Die Spreu trennt sich jedoch vom Weizen, wenn Mensch und Tier für ein “gutes zueinander Passen” Kompromisse eingehen müssen, wenn sie zueinander finden müssen … kurzum: wenn es Probleme gibt.

 

 

Denn Tiere lieben, sein Tier lieben heißt nicht, dass dieses Tier sich in mein Leben einfügt; das heißt vielmehr, dass ich seine Bedürfnisse sehr genau kenne und respektiere und sich die Leben zu einem verbinden. Ja, ich gebe zu das hört sich schon ein wenig pathetisch an, aber ich finde es schön und passend.

Ich will mal ein tatsächlich nicht seltenes Beispiel aus unserem Hotelalltag geben. Ein schüchternes und verängstigtes Kätzchen (merkt Ihr das? Man nennt es sofort Kätzchen statt Katze, weil man da doch eigentlich sofort das Bedürfnis hat, es zu beschützen und ihm zu helfen) sucht ein Zuhause, in dem es ankommen darf. Es kommen Interessenten, die – ganz kurz zusammen gefasst – sagen, sie kennen sich mit Katzen aus, das wäre für sie kein Problem, die Katze muss sich nicht sofort streicheln lassen. Meine Mitarbeiter erklären mehrfach, dass sich so etwas sehr lange hinziehen kann … alles kein Problem. Das Kätzchen zieht aus … und wird nach – sagen wir – vier Wochen zurück gebracht, weil es sich immer noch verkriecht. Sorry, aber das ist der Moment, wo mir nicht einmal mehr die Katzenmilch schmeckt.

Zur Tierliebe gehört, ein Tier so anzunehmen, wie es ist … es dort abzuholen, wo es steht und in der Zeit, die das Tier vorgibt, in Richtung gemeinsamer Weg zu gehen.

 

Soll ich Euch was erzählen? Vor wenigen Tagen erst wurden wir angeschrieben, weil ein kleiner Kater, der vor 3,5 Jahren von uns adoptiert wurde einen neuen Entwicklungsschritt gemacht hat und sich nun endlich traut, frei und unbefangen zu spielen.
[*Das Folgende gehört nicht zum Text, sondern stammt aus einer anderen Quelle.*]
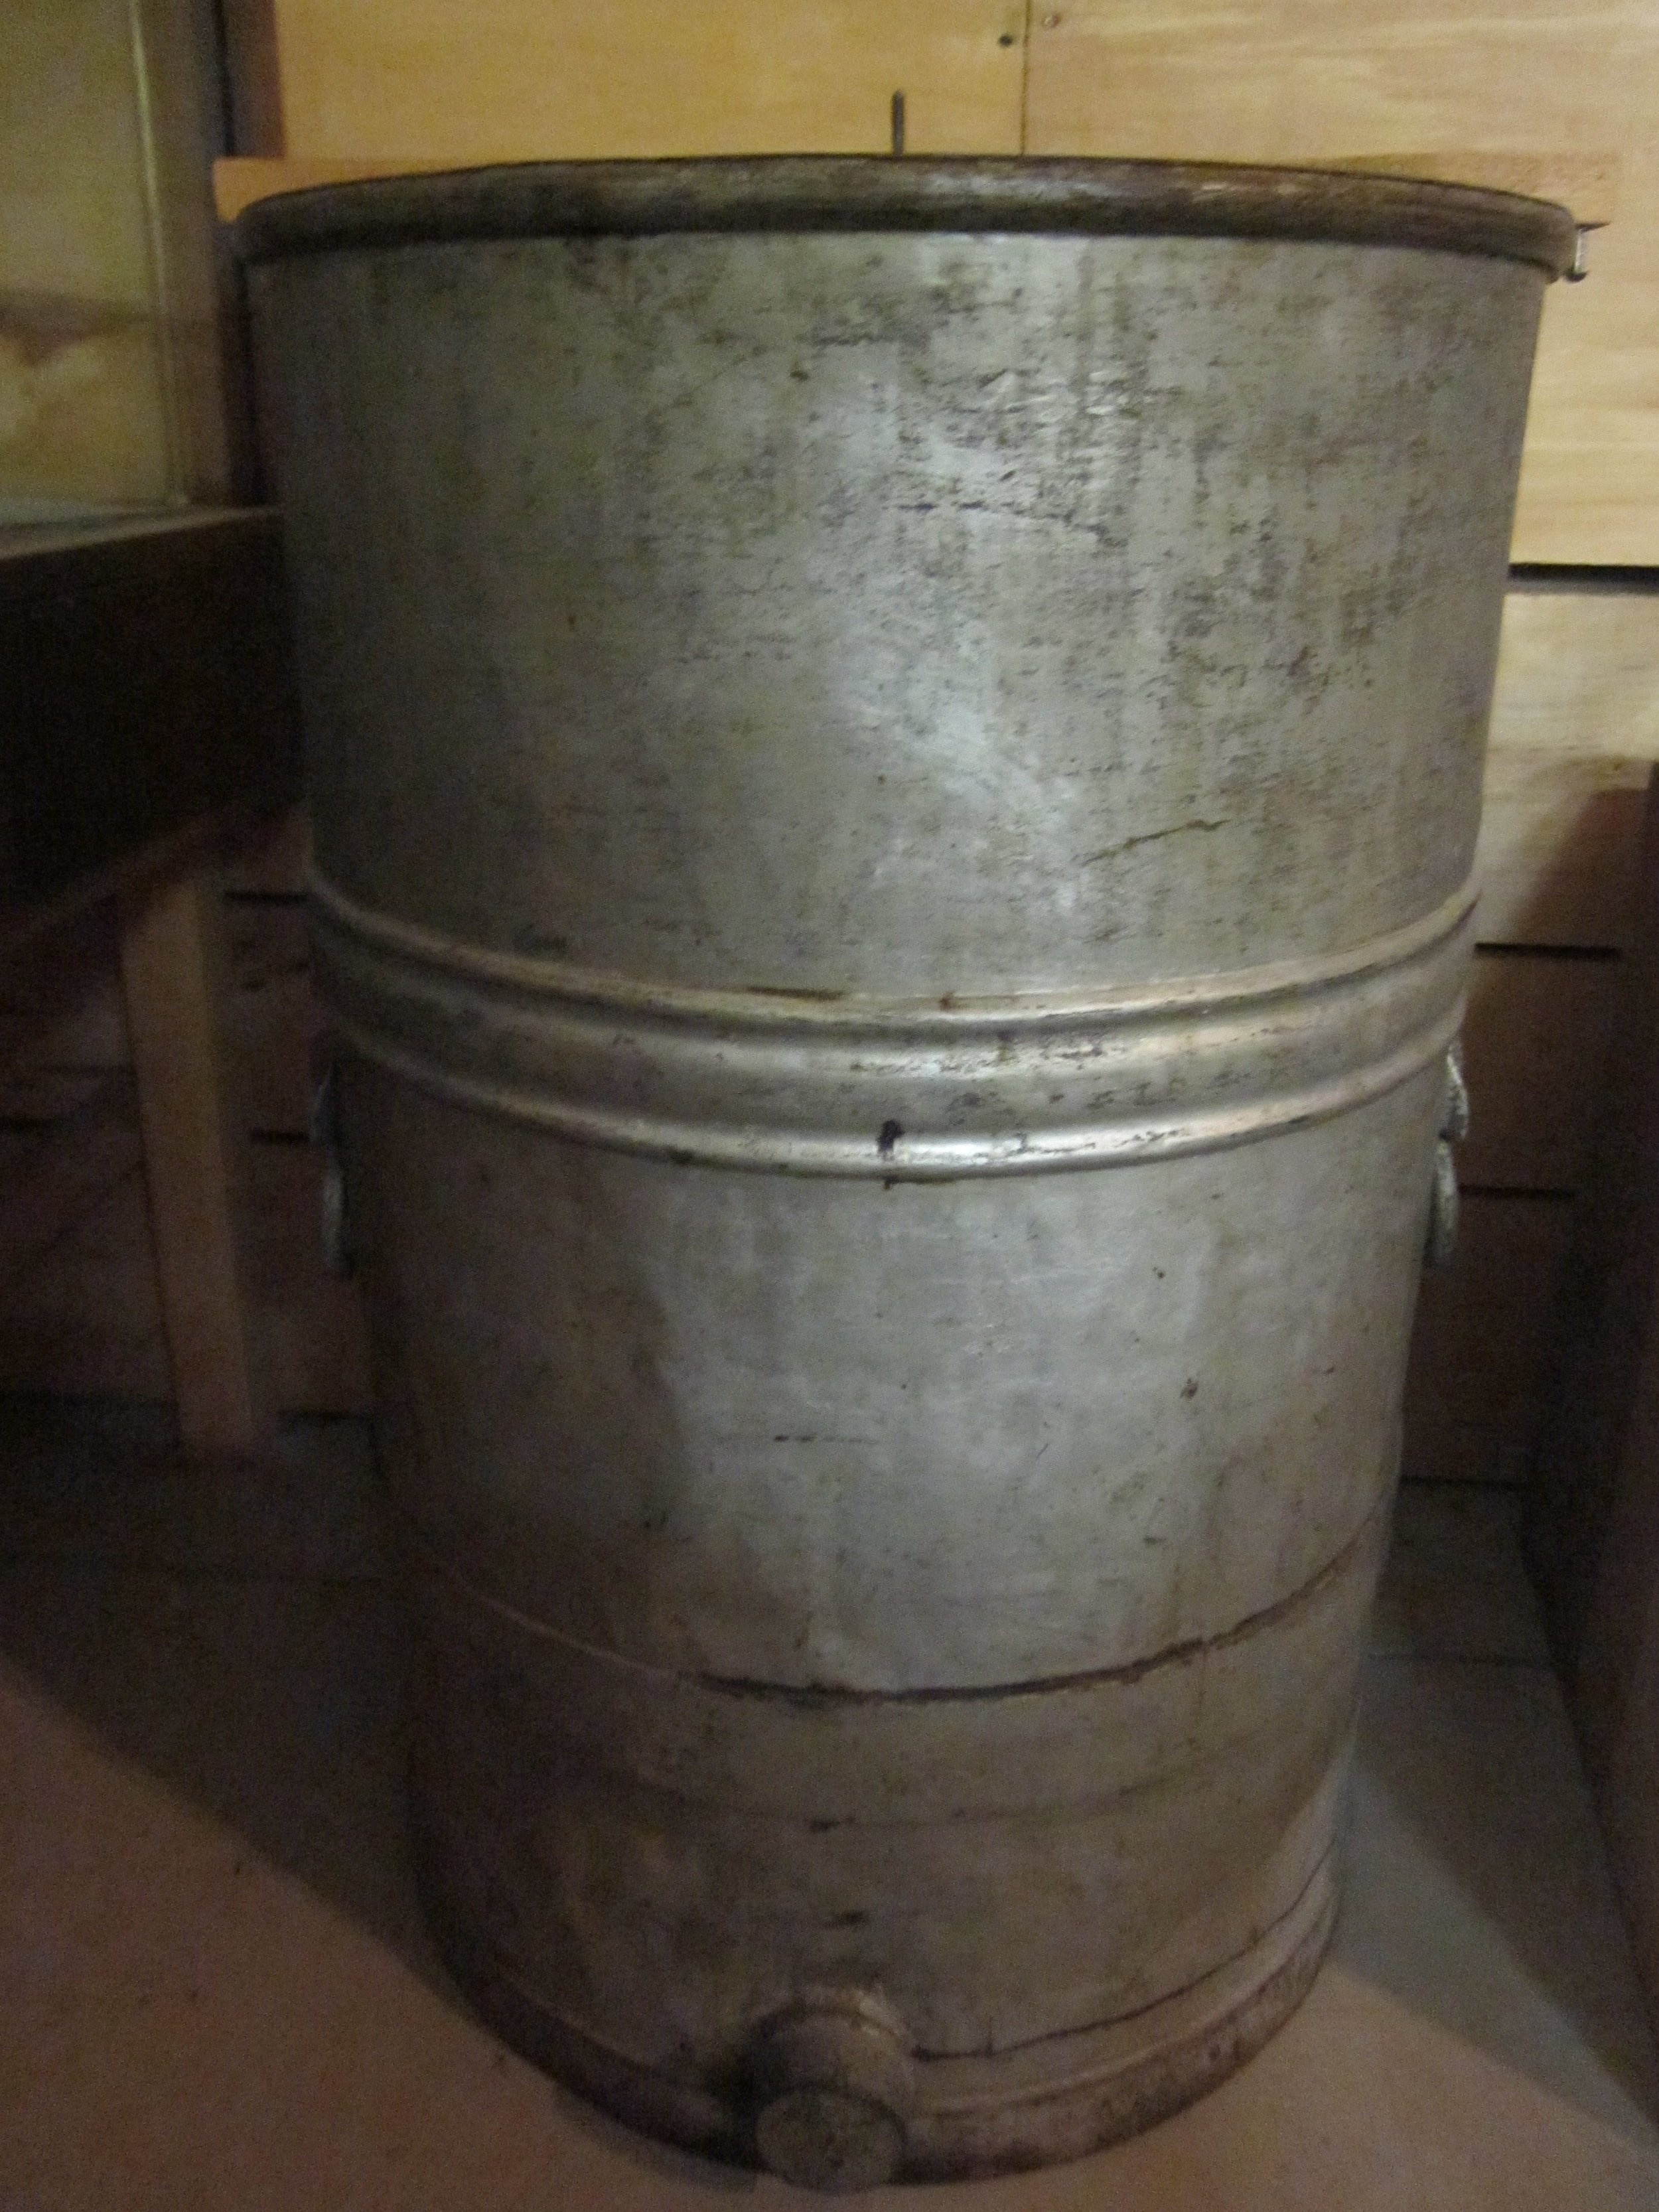 Uncapping barrel

Das ist einfach nur großartig! Danke, dass Ihr ihm seine Zeit gegeben habt. Danke, dass Ihr Euch so für ihn freut – denn es ist seine Lebensqualität die wächst. Und danke, dass Ihr uns daran teilhaben lasst. Hach – ich werde ganz sentimental…

 

 

Ihr findet, das ist zu schwarz weiß gedacht? Vielleicht habt Ihr da nicht ganz unrecht. Ich will versuchen, die Grenze zwischen diesem kleinen Unterschied etwas zu verwischen.

 

Nicht jedes Zuhause ist das Richtige für “schwierige Fälle”. Das ist auch vollkommen in Ordnung so. So viele Bedürfnisse sind zu berücksichtigen … was soll ein verängstigtes Kätzchen bei einem kleinen Kind? Keiner der Beiden profitiert von dieser erzwungenen Partnerschaft.

 

 

Ich finde, wenn Menschen, die aufgrund ihrer persönlichen Umstände, ein Bild vor Augen haben, wie das Zusammenleben mit einem Tier aussehen soll und die es lieben, dieses Bild Realität werden zu lassen (ich muss ja nun bei meiner Wortwahl bleiben), sich dann aber auch sehr genau ihre möglichen tierischen Partner aussuchen und auch deren Bedürfnisse berücksichtigen … genau in dem Moment überschreiten sie die Grenze zur Tierliebe. Denn auch zu wissen, was man nicht möchte, ist ein Bedürfnis.

 

Erkennt Eure Bedürfnisse und vor allem: respektiert die Bedürfnisse Eurer Tiere.